Computationally Efficient Simulation Based Optimization Algorithms For Large Scale Urban Transportation Problems written by Linsen Chong and has been published by this book supported file pdf, txt, epub, kindle and other format this book has been release on 2017 with categories.


In this thesis, we propose novel computationally efficient optimization algorithms that derive effective traffic management strategies to reduce congestion and improve the efficiency of urban transportation systems. The proposed algorithms enable the use of high-resolution yet computationally inefficient urban traffic simulators to address large-scale urban transportation optimization problems in a computationally efficient manner. The first and the second part of this thesis focus on large-scale offline transportation optimization problems with stochastic simulation-based objective functions, analytical differentiable constraints and high-dimensional decision variables. We propose two optimization algorithms to solve these problems. In the first part, we propose a simulation-based metamodel algorithm that combines the use of an analytical stationary traffic network model and a dynamic microscopic traffic simulator.

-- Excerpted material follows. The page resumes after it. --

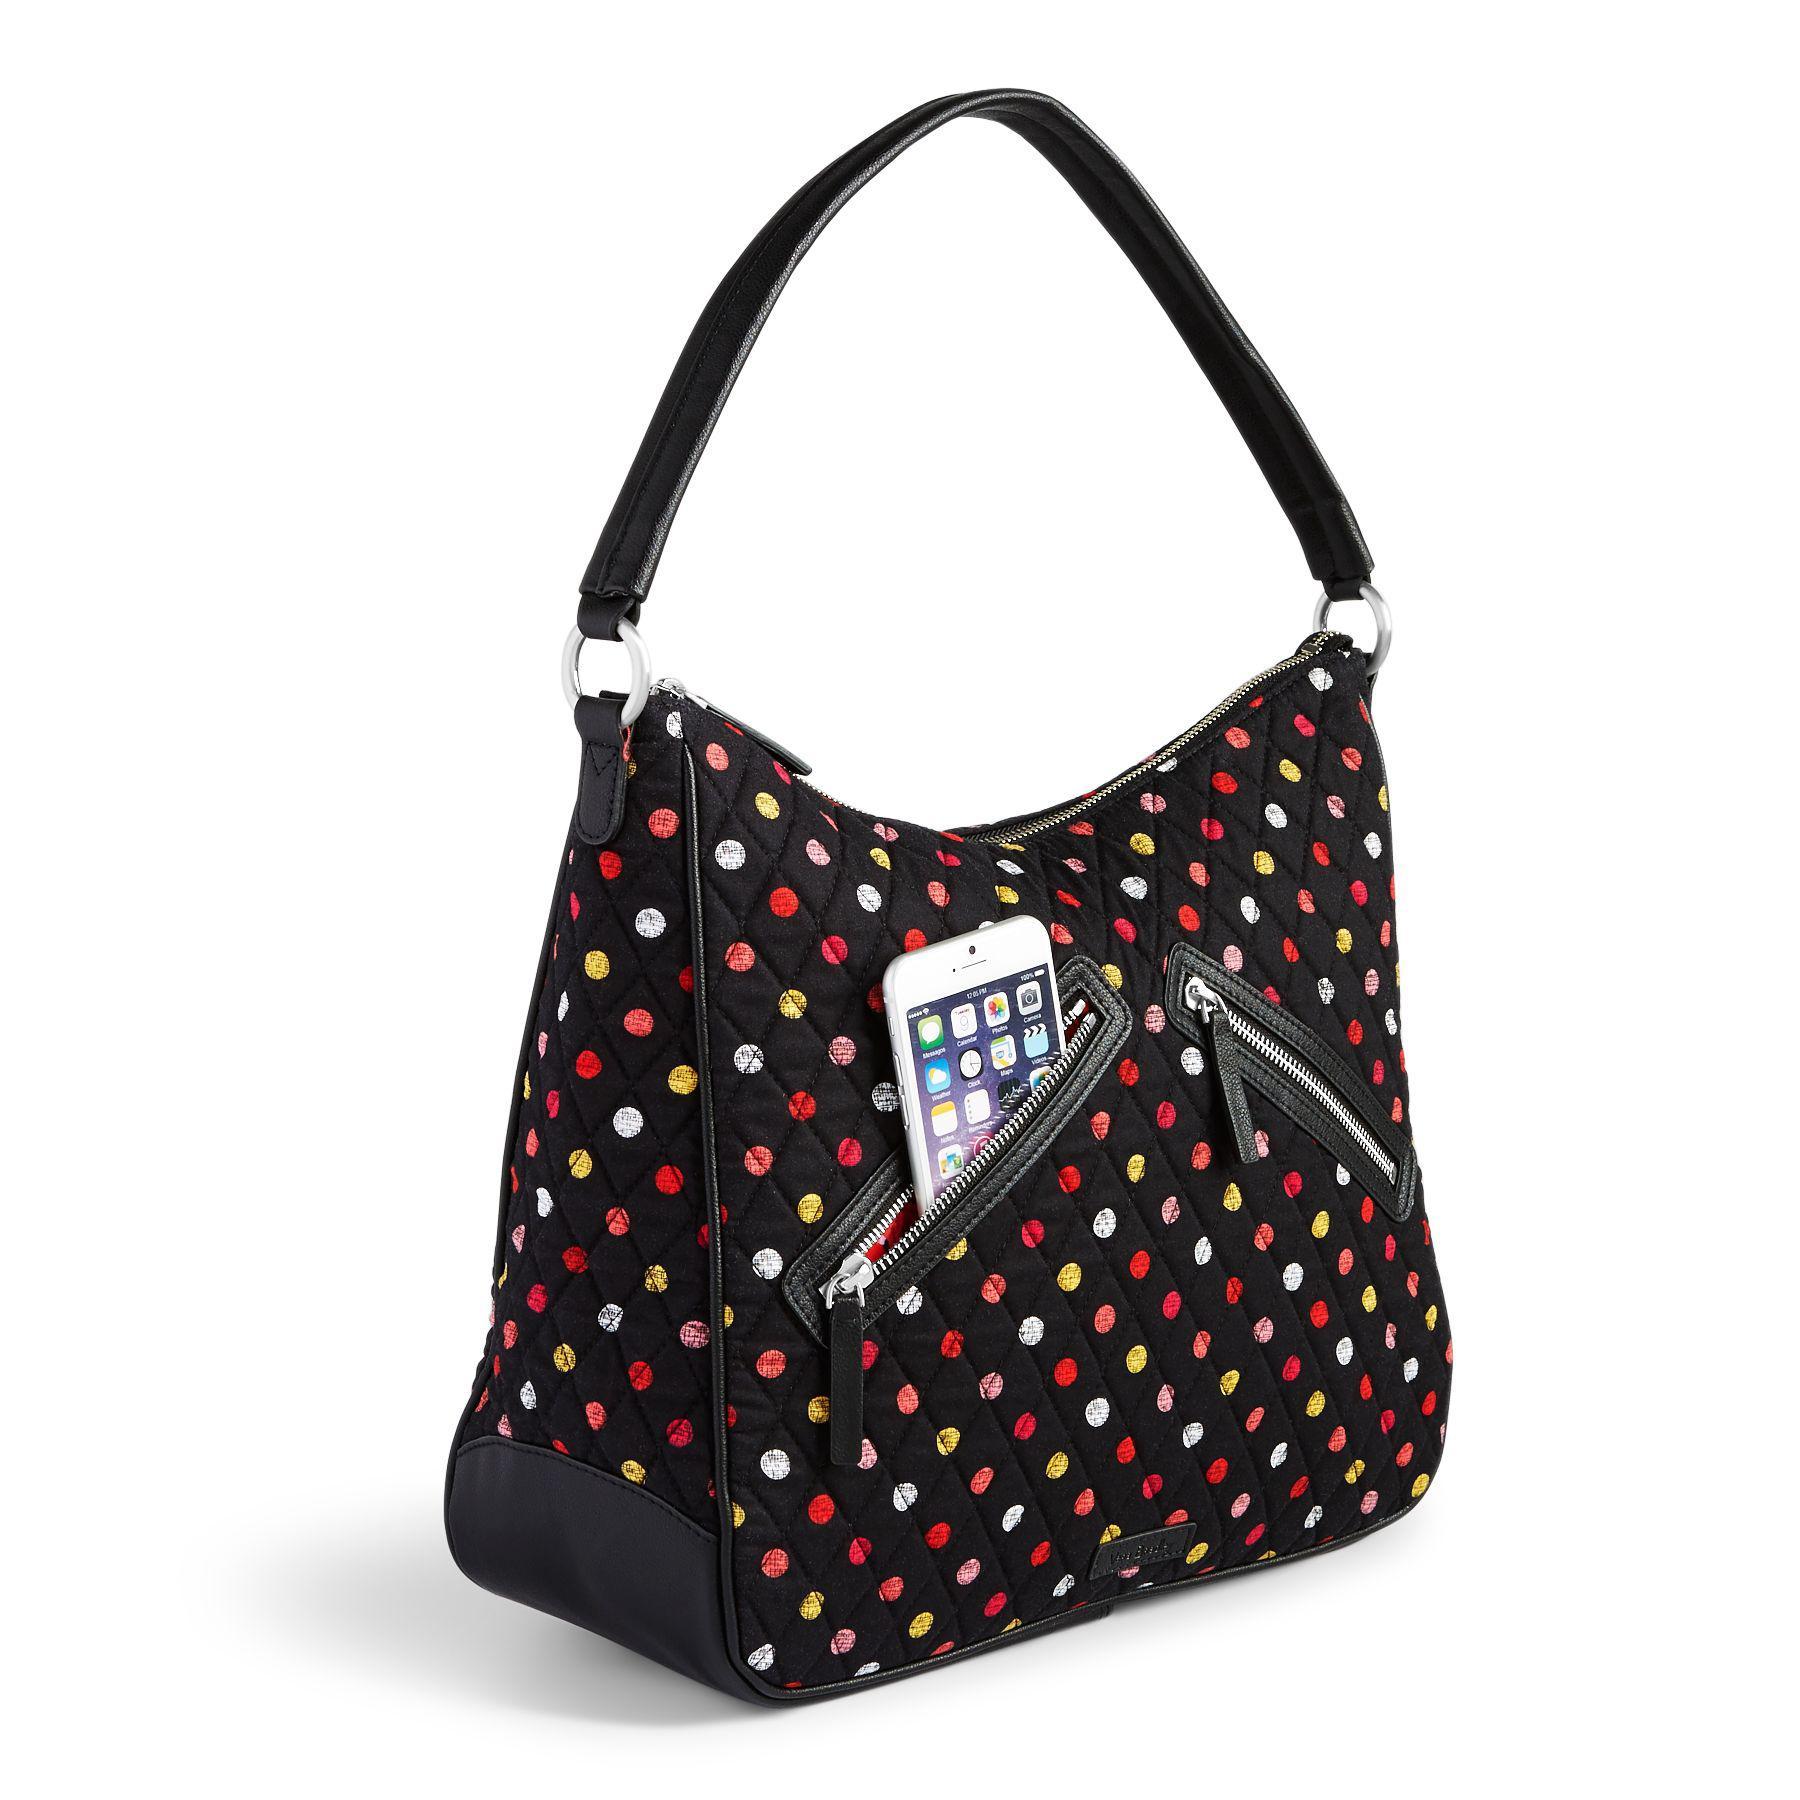 Lyst - Vera Bradley Vivian Hobo Bag in Black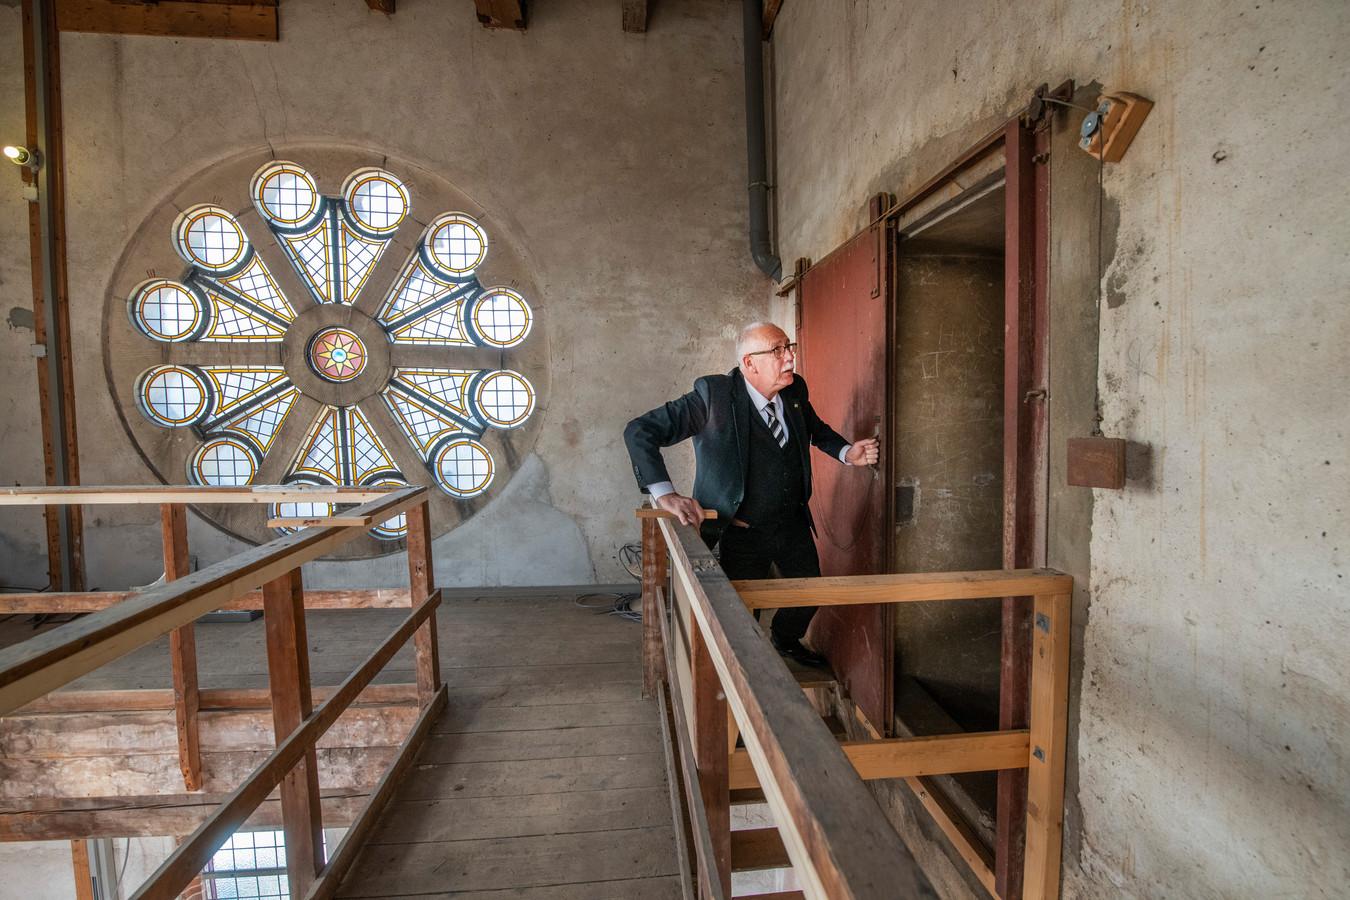 Koster Teun van Twist van de Grote Kerk in Apeldoorn toont de ijzeren branddeur die tussen de toren en het dak zit.

In the second part, we propose a metamodel algorithm that combines the use of an analytical transient traffic network model and the microscopic simulator. In the first part, we use the first metamodel algorithm to solve a large-scale fixed-time traffic signal control problem of the Swiss city of Lausanne with limited simulation runs, showing that the proposed algorithm can derive signal plans that outperform traditional simulation-based optimization algorithms and a commercial traffic signal optimization software. In the second part, we use both algorithms to solve a time-dependent traffic signal control problem of Lausanne, showing that the metamodel with the transient analytical traffic model outperforms that with the stationary traffic model. The third part of this thesis focuses on large-scale online transportation problems, which need to be solved with limited computational time. We propose a new optimization framework that combines the use of a problem-specific model-driven method, i.e., the method proposed in the first part, with a generic data-driven supervised machine learning method. We use this framework to address a traffic responsive control problem of Lausanne. We compare the performance of the proposed framework with the performance of an optimization framework with only the model-driven method and an optimization framework with only the data-driven method, showing that the proposed framework is able to derive signal plans that outperform the signal plans derived by the other two frameworks in most cases.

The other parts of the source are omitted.